The meme shows three people of different heights standing behind a fence at a baseball game. In the image depicting equality, each person is given the same sized box to stand on to help see over the fence, but the box is still too small to allow the shortest of the three to see over.
The image depicting equity shows the three with different sized boxes that allow everyone to see over the fence.
The Biden administration has been talking a lot about “equity” — not to be confused with “equality.”
So what’s this all about? @eugenedaniels2 uses a popular meme to break it down and explains why the distinction is critical to understanding how the Biden agenda is shaping up pic.twitter.com/dUau4dcV9I —
POLITICO (@politico) February 1, 2021
“So the person who is the shortest gets a little bit more because you’re creating a culture and a world in which everyone has equity — the ways that we haven’t given Black and Brown (people), women, people in the LGBTQIA community certain rights and how we can fix that and make the world more equitable,” Daniels said.
Equity also takes into account historical and systemic inequalities in society.
Vice President Kamala Harris explained the distinction in a video posted a few days before the November election, saying equitable treatment means we “all end up at the same place.”
There’s a big difference between equality and equity. pic.twitter.com/n3XfQyjLNe — Kamala Harris (@KamalaHarris) November 1, 2020
“Equality suggests ‘Oh, everyone should get the same amount,’” she said. “The problem with that: not everybody’s starting out from the same place. So if we’re all getting the same amount but you started out back there and I started out over here, we could get the same amount but you’re still going to be that far back behind me.”
Equity in Biden’s policies
On his first day in office, Biden signed a slew of executive orders, including one launching a government initiative to establish “equity across federal policymaking and rooting out systemic racism and other barriers to opportunity from federal programs and institutions.”
He also signed an order to ensure Title VII of the Civil Rights Act of 1964 is interpreted to prohibit “workplace discrimination on the basis of sexual orientation and gender identity.”
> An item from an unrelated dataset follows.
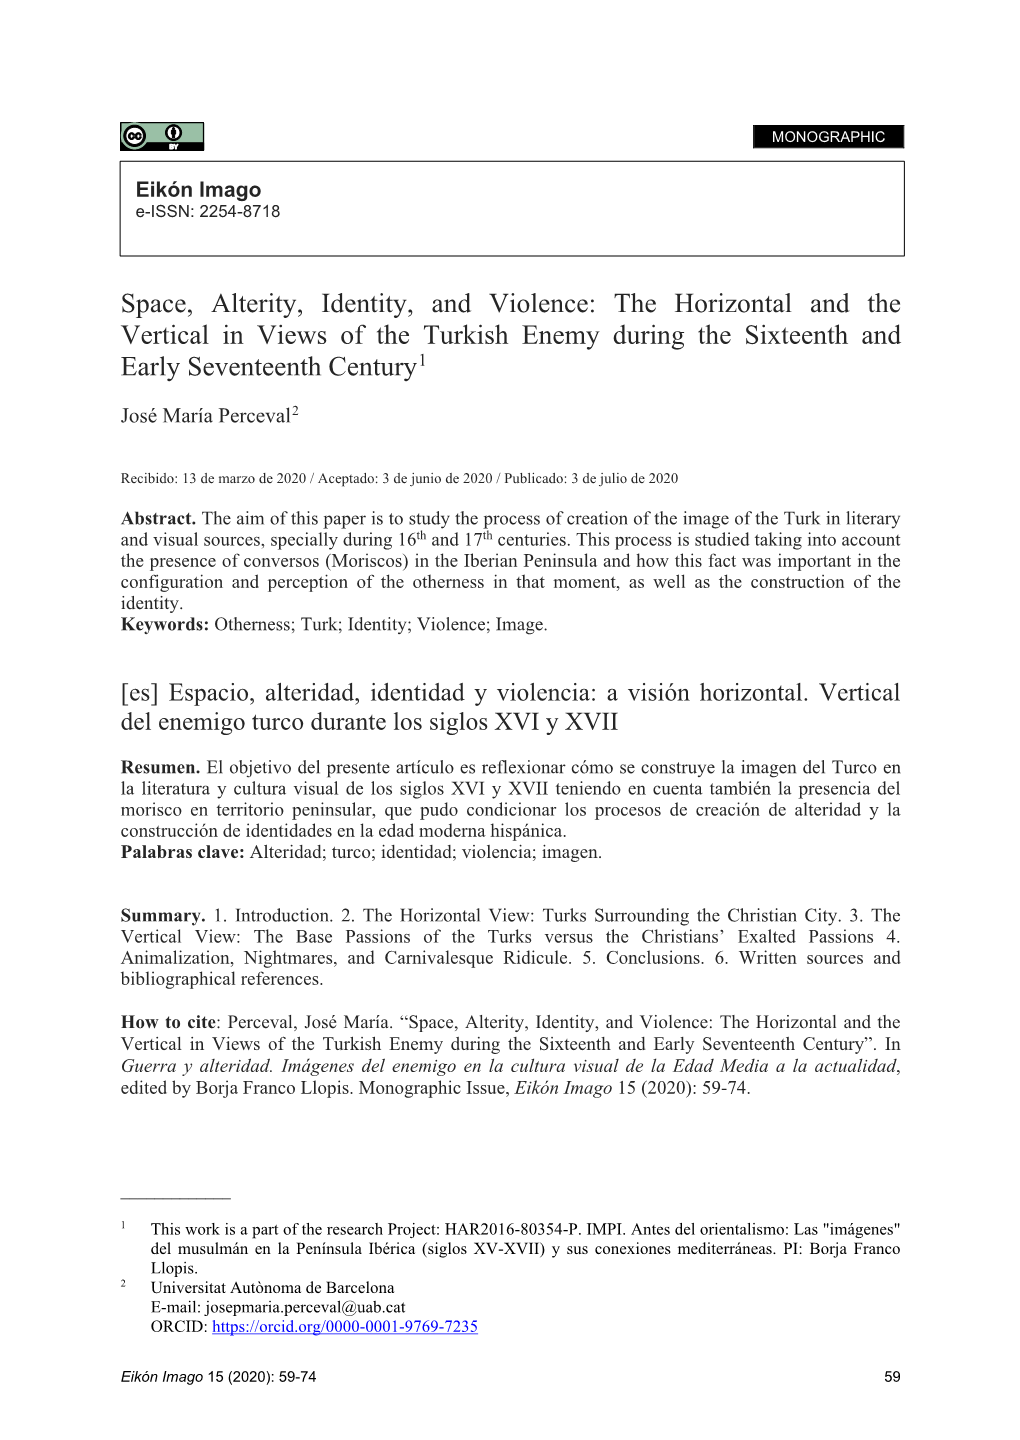 Space, Alterity, Identity, and Violence: the Horizontal and the Vertical in Views of the Turkish Enemy During the Sixteenth and Early Seventeenth Century1

Later in his first week, he signed another group of executive actions focused on addressing the coronavirus pandemic, including an order establishing the COVID-19 Health Equity Task Force. The task force will focus on providing specific recommendations on “allocating resources and funding in communities with inequities in COVID-19 outcomes by race, ethnicity, geography, disability and other considerations.”
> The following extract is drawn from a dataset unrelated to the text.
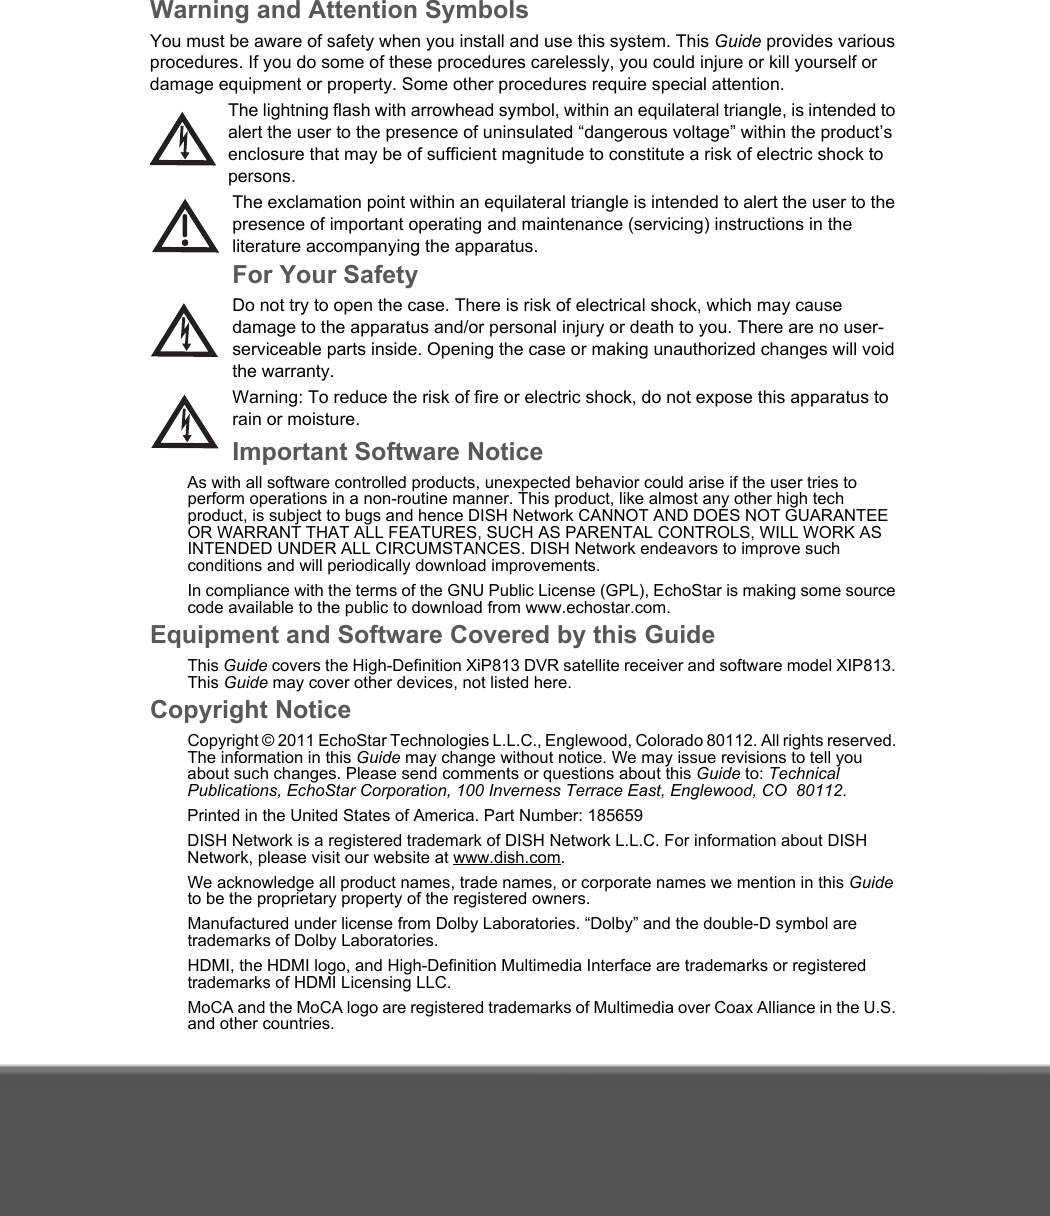 Warning and Attention SymbolsYou must be aware of safety when you install and use this system. This Guide provides various procedures. If you do some of these procedures carelessly, you could injure or kill yourself or damage equipment or property. Some other procedures require special attention.The lightning flash with arrowhead symbol, within an equilateral triangle, is intended to alert the user to the presence of uninsulated “dangerous voltage” within the product’s enclosure that may be of sufficient magnitude to constitute a risk of electric shock to persons.The exclamation point within an equilateral triangle is intended to alert the user to the presence of important operating and maintenance (servicing) instructions in the literature accompanying the apparatus.For Your SafetyDo not try to open the case. There is risk of electrical shock, which may cause damage to the apparatus and/or personal injury or death to you. There are no user-serviceable parts inside. Opening the case or making unauthorized changes will void the warranty.Warning: To reduce the risk of fire or electric shock, do not expose this apparatus to rain or moisture. Important Software NoticeAs with all software controlled products, unexpected behavior could arise if the user tries to perform operations in a non-routine manner. This product, like almost any other high tech product, is subject to bugs and hence DISH Network CANNOT AND DOES NOT GUARANTEE OR WARRANT THAT ALL FEATURES, SUCH AS PARENTAL CONTROLS, WILL WORK AS INTENDED UNDER ALL CIRCUMSTANCES. DISH Network endeavors to improve such conditions and will periodically download improvements. In compliance with the terms of the GNU Public License (GPL), EchoStar is making some source code available to the public to download from www.echostar.com.Equipment and Software Covered by this GuideThis Guide covers the High-Definition XiP813 DVR satellite receiver and software model XIP813. This Guide may cover other devices, not listed here. Copyright NoticeCopyright © 2011 EchoStar Technologies L.L.C., Englewood, Colorado 80112. All rights reserved. The information in this Guide may change without notice. We may issue revisions to tell you about such changes. Please send comments or questions about this Guide to: Technical Publications, EchoStar Corporation, 100 Inverness Terrace East, Englewood, CO  80112. Printed in the United States of America. Part Number: 185659DISH Network is a registered trademark of DISH Network L.L.C. For information about DISH Network, please visit our website at www.dish.com. We acknowledge all product names, trade names, or corporate names we mention in this Guide to be the proprietary property of the registered owners.Manufactured under license from Dolby Laboratories. “Dolby” and the double-D symbol are trademarks of Dolby Laboratories.HDMI, the HDMI logo, and High-Definition Multimedia Interface are trademarks or registered trademarks of HDMI Licensing LLC.MoCA and the MoCA logo are registered trademarks of Multimedia over Coax Alliance in the U.S. and other countries.

Last week, he signed four executive actions specifically aimed at promoting racial equity — related to fair housing, mass incarceration and private prisons, tribal sovereignty and xenophobia — policy goals which the White House said were “just the start.”
Some advocacy groups have praised the administration’s steps to promote equity.
“President Biden’s executive orders to advance racial equity and support under-served communities is a significant signal to Americans that this administration is serious about its commitment to providing overdue relief for our community,” The National Action Network, a civil rights organization, said in a statement last week.
But some conservative commentators and lawmakers have criticized the push for equity, including some who have said it contradicts Biden’s calls for unity.
Susan Rice, who heads the White House’s Domestic Policy Council, responded to those criticisms Sunday.
“We’re focused on racial justice and equity. Equity is racial but it’s not just racial, it’s for everybody who has not had the benefits of a system that has not served everybody,” Rice said during an interview with MSNBC. “This is actually the opposite of dividing us, this is about bringing everybody in and being inclusive.”
My cmnt: I would point out that Susan Rice, another leftover from the B.O. regime, and the Obama’s have made themselves fabulously wealthy while their constituents are still living in poverty and crime and hopelessness. Eight years of Barack made no difference at all and neither will (God help us) four years more of O’Biden.